Last year that changed. I thought the big time authors held themselves aloof from the peons and were inaccessible, and there was a certain cliquishness to the conference. It was clear who was in the inner circle. The rest of us were wannabes—even those of us who have well-established crime fiction books.
One of the problems is that at other conferences the big name authors are sprinkled through the panels, so that they hobnob with everyone. For some reason at this conference the big names tend to be packed into panels together, which gives them an air of invincibility and leaves panels held in parallel to theirs sadly lacking in audience. And it makes the name authors seem unapproachable.

It looked like this year was going to be the same. Even though I am self-confident and feel like I can talk to just about anybody, I felt intimidated and unable to approach authors I admired. And then I remembered the first rule of conferences: wade in and talk to everyone. Find people to converse with that you have something in common with. Are you both writing about small towns? Is the author writing something you are intrigued by and know nothing about? Are you curious about their background? Find something to talk about. Introduce yourself to people, even if it’s just to say hey, I enjoy your books.

The second rule: Don’t wait to be invited to a meal—invite someone you want to get to know better. For some reason, I always assume everyone already has plans. I was happily surprised to find that people were thrilled to be asked. Suddenly the conference became intimate and more interesting.
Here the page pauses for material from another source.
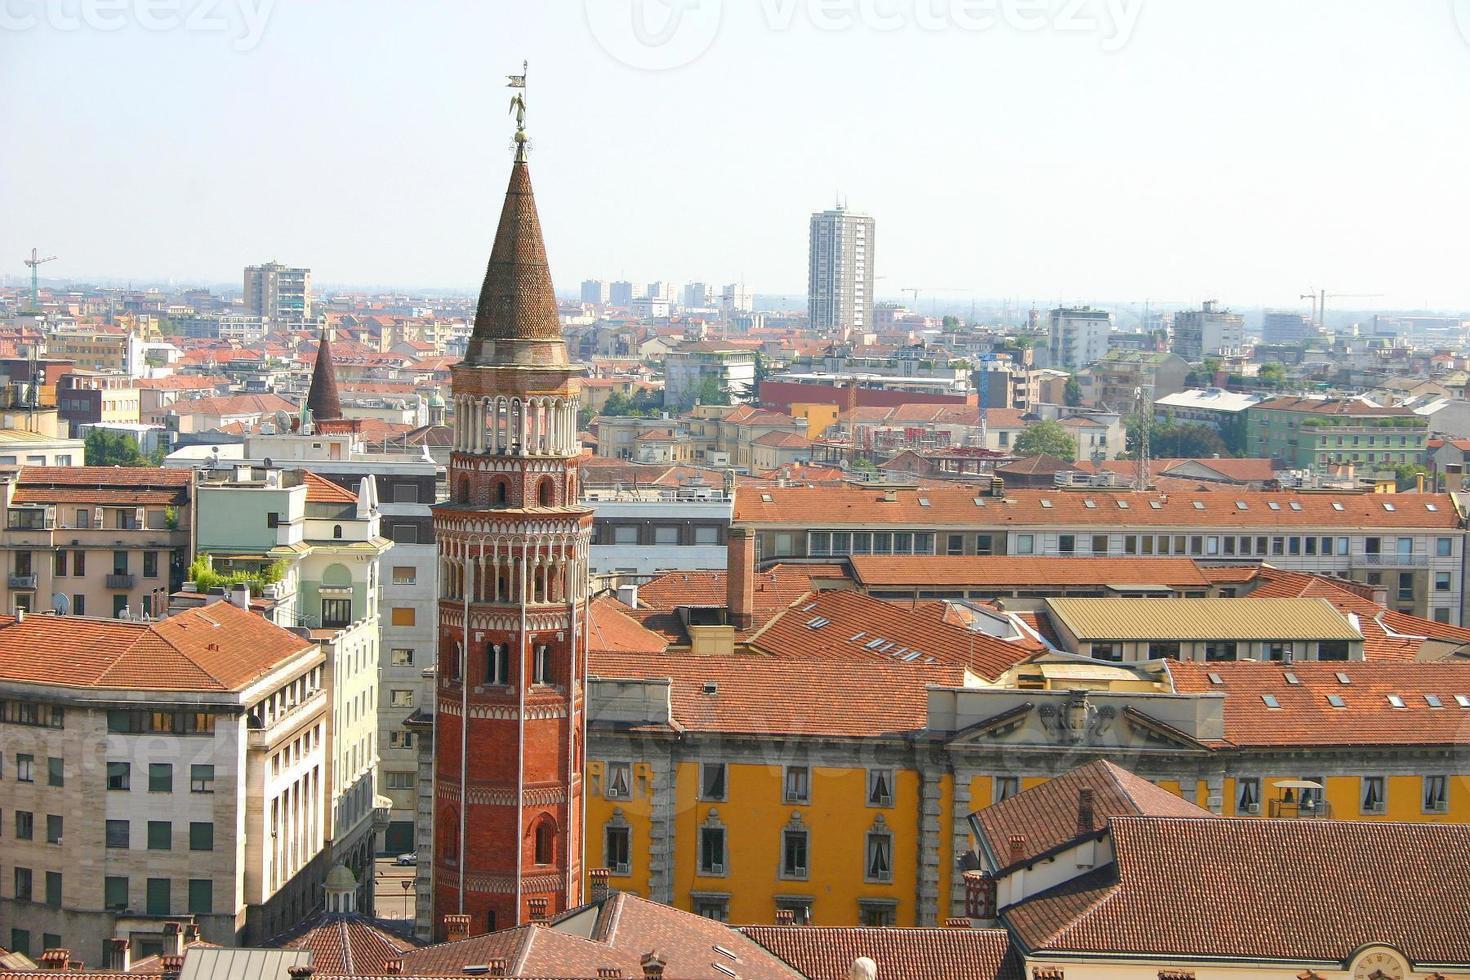 Vue aérienne de Milan depuis le toit du Duomo, Italie photo

Here’s the strange part: when I was talking to people I found common ground with, suddenly I became more interesting. Writers I had felt intimidated by stopped to chat. A few even shared some of their current challenges.

The last rule was for me alone. Last year, I drank too much. I took the “see you in the bar,” too literally and ended up feeling fuzzed headed and grumpy a couple of days. This year, I decided that water was my friend. Sure, I had a glass of wine or a drink, but that was it. And I discovered that the next day I remembered what was said the previous evening. It also meant I slept better and I felt more energetic and upbeat. And one unintended consequence is I came away with a heavier wallet—those NY drinks can be expensive.

This is a cautionary tale for everyone attending conferences of any kind. Did you notice the questions I gave as examples? They were all “you-oriented,” not “me-oriented.” You’re going to have more fun if you see it as a voyage of discovery.